KINGSTON — Nancy Mullins has travelled around Central America as a missionary, been a wilderness guide in the woods of Minnesota, worked as a volunteer at schools in many states and held odd jobs at numerous points in between. She’s finally arrived at what she believes is the most crucial of all tasks — teaching the next generation.

KINGSTON — Nancy Mullins has travelled around Central America as a missionary, been a wilderness guide in the woods of Minnesota, worked as a volunteer at schools in many states and held odd jobs at numerous points in between.

She’s finally arrived at what she believes is the most crucial of all tasks — teaching the next generation.

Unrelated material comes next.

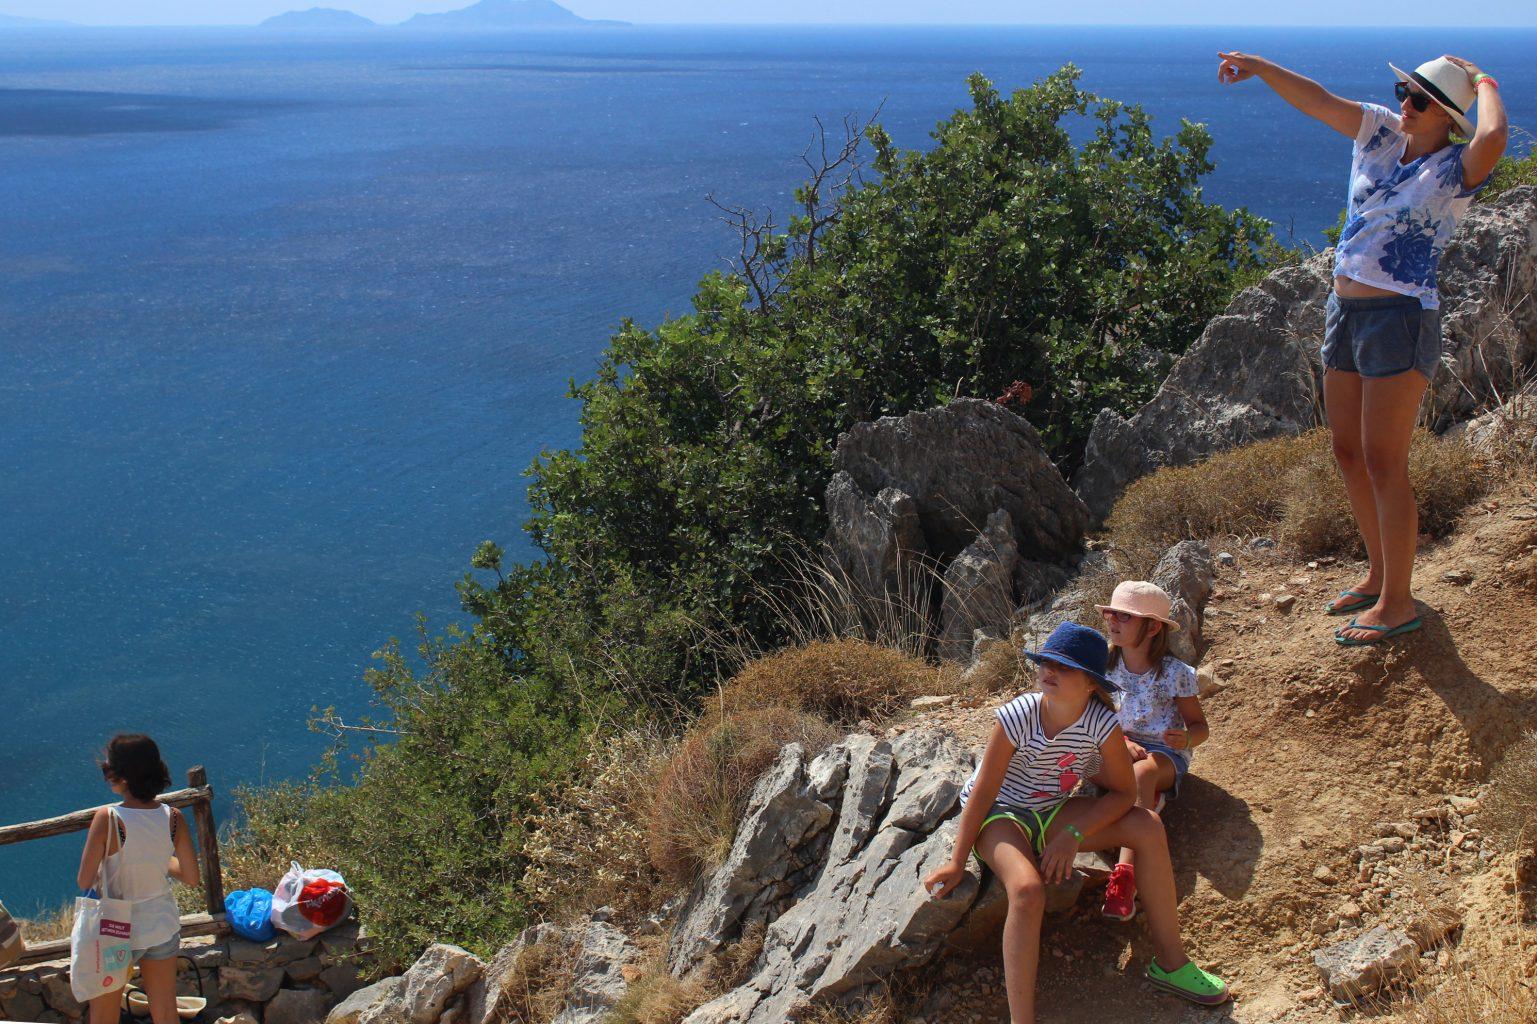 Wakacje w Grecji z dzieckiem – praktyczny poradnik
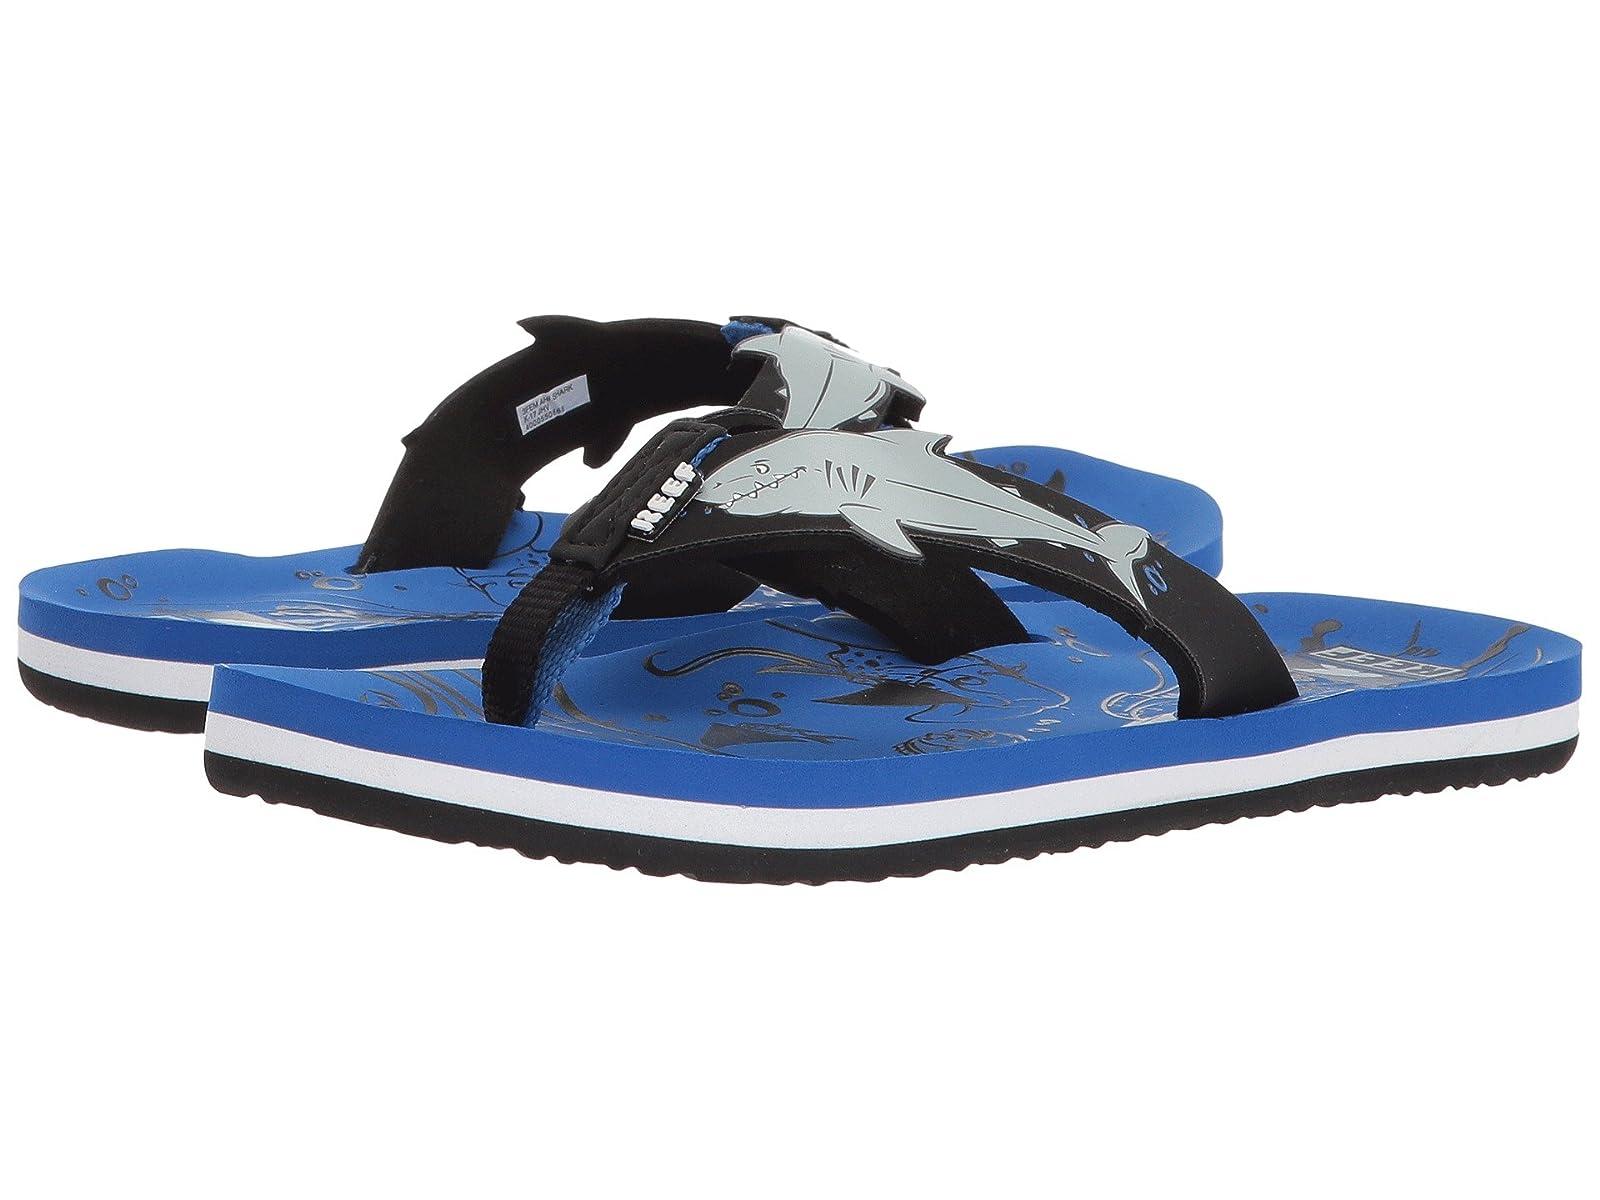 Reef Kids Ahi Shark (Infant/Toddler/Little Kid/Big Kid)Atmospheric grades have affordable shoes

“I really think there’s no greater impact on the world that you can have,” she said of being a teacher. “It’s a huge, important job we do.”

The result of her passion in education and the attitude she holds for it has won her the accolades of this year’s Rangvald Kvelstad Teacher of the Year Award, one of only two teachers in the North End to receive such prestige.

Even so, she’s quick to pass off credit to all of her fellow professionals.

“I think we all have impossible, crazy, hard jobs,” Mullins said of North Kitsap educators. “We all are teachers of the year.”

Mullins, who has taught at Gordon Elementary School for seven years, has two main philosophies she brings to her fifth grade classroom: that each student must be both engaged and excited, as well as have self-confidence, if they are to learn successfully.

“I really think kids are very talented and each of them has so much potential,” she said. “You just have to unlock it.”

Mullins graduated from Idaho State University in 1971 and received her teaching credentials from Seattle Pacific University following her schooling. After a year of studying Spanish in Costa Rica, Mullins worked as a missionary in Central America. She also worked summers for many years as a wilderness guide in Alaska, Minnesota and Island Lake Camp in Silverdale. She’s taught at a variety of Christian schools in the Pacific Northwest.

Mullins became a stay-at-home mom to raise her three children in Eglon but wanted to return to teaching when she and her husband Jerome’s nest was emptied.

While Mullins is definitely a teacher, she prefers to think as herself many times as more of a classroom “cheerleader.”

“If you just show them how amazing they are, they learn to believe in themselves,” she said.

Perhaps her key as an educator, though, is the way in which she finds ways to get her students interested in topics as a precursor to learning.

“Instead of just studying something, if you get them excited about it, they really take off,” she said.

Note: Presentations of the Rangvald Kvelstad Teacher of the Year awards will take place at the North Kitsap School Board meeting, at 7 p.m. May 26. Mullins and Poulsbo Junior High School teacher Gayl TenEyck (featured in the May 21 edition of the Herald) will be on hand to receive their awards.